Nice idea HB, and you can get the standard size white paintable caulking gun tubes at Big Lots for $1


----------



## scourge999 (May 4, 2008)

Those look great. Good idea using caulking. I never would of thought of that. When I use to use wood stains I would let them set over night then rub them down with dry dirt (not soil). It took care of the tack and gave them a dug-up look.


----------



## BadTable Manor (Apr 16, 2008)

Bayou, I'm so glad you posted this. Being relatively new to propping, the idea of using latex always intimidated me. Now I can try it using caulk. Thanks again!


----------



## Haunted Bayou (Feb 16, 2007)

Sure thing BadTableManor! I am also afeard of the latex and prop building unknown. 

I checked my stain and shew....it dried. LOL!

Thanks for the tips on the dirt and cheap caulk Vlad and Scourge. I'll post anymore experiments I do with the caulk. If nothing else, we can learn what works and doesn't!

I wasn't even sure this was worth messing with but I had the left overs and a bag of bones to work with so....why not? Didn't cost me anything extra to try.


----------



## Lilly (Jun 13, 2006)

good deal bayou..glad you waited before wiping it all off.


----------



## Haunted Bayou (Feb 16, 2007)

Thanks, I was worried until you told me it would dry.


----------



## Revenant (Mar 17, 2007)

That caulk definitely adds to it... gives a porous surface for the stain to soak into. On your next bone, do the caulk layer and let it dry, then rub it in spots so it peels off unevenly before staining. The variance in color might give it a nice extra yucky look. like maybe the rats and beetles are still working on the remaining tissue.

D'oh! I just went back and looked at the pic and it looks like you already did that a little bit. Nice.


----------



## Haunted Bayou (Feb 16, 2007)

Hey Revenant,
I spread the caulk on there unevenly to give some "relief" for lack of a better word...so I think that is why the color is varied but I could try to peal some for a different effect.

Thanks for the tip!


----------



## IshWitch (May 31, 2006)

I am also a chicken at the thought of latex, but this looks pretty cool. 
I might have to put a hurtin' on a blucky first!


----------



## Haunted Bayou (Feb 16, 2007)

LOL Ishwitch!

I have a Bucky Skull that I started hacking. I may ooze some caulk on it and see what happens. I was thinking of adhering some hose to it then spreading some caulk.

What the heck?


----------



## Vlad (Aug 2, 2005)

I still haven't had a chance to use this idea, but the key thing to remember about working with caulk and latex, is that you can't make a mistake. If you don't like the end results, it will peel off, or you can add more.


----------



## Bethene (Jan 19, 2008)

Haunted Bayau, that sounds easy and cheap enough, I have a skelly just sitting there doing nothing, I might give it a shot, thanks for the idea and post!!!


----------



## Haunted Bayou (Feb 16, 2007)

Sure thing, Bethene. I don't know how this will work for large projects but please post if you corpse a skelly with caulk. I am curious to see how it comes out.

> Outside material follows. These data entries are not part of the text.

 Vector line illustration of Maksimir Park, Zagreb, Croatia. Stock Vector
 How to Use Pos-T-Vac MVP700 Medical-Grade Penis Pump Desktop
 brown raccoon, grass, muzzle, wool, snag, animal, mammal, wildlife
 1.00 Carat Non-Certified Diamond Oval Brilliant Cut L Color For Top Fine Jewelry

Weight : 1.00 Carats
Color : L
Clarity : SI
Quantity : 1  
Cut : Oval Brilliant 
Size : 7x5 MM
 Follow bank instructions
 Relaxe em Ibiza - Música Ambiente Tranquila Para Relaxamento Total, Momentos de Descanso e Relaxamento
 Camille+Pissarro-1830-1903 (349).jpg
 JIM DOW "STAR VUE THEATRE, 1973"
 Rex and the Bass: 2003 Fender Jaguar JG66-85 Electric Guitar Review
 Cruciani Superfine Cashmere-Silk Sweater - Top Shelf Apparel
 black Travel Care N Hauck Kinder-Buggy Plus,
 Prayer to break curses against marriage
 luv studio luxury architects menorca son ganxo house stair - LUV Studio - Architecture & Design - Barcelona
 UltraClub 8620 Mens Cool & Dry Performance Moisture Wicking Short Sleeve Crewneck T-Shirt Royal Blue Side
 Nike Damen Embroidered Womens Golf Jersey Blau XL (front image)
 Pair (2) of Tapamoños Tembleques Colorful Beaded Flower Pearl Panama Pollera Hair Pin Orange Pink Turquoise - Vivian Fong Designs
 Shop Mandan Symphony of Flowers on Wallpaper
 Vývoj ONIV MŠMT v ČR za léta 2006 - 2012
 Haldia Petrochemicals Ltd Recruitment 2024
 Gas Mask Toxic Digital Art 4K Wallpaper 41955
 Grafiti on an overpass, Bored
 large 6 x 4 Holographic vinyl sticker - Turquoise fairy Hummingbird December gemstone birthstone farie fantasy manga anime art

I think you are right Vlad. I don't know why I am such a chicken to start new projects.


----------



## gypsichic (Jun 6, 2006)

i've corpsed several blucky's using carpet latex, miniwax stain and panty hose..........they look disgustingly great...........lol

i used http://skullandbone.com/tutorial_02.htm


----------



## Haunted Bayou (Feb 16, 2007)

Skullandbone has great tutorials. I haven't tried a large project like that yet.


----------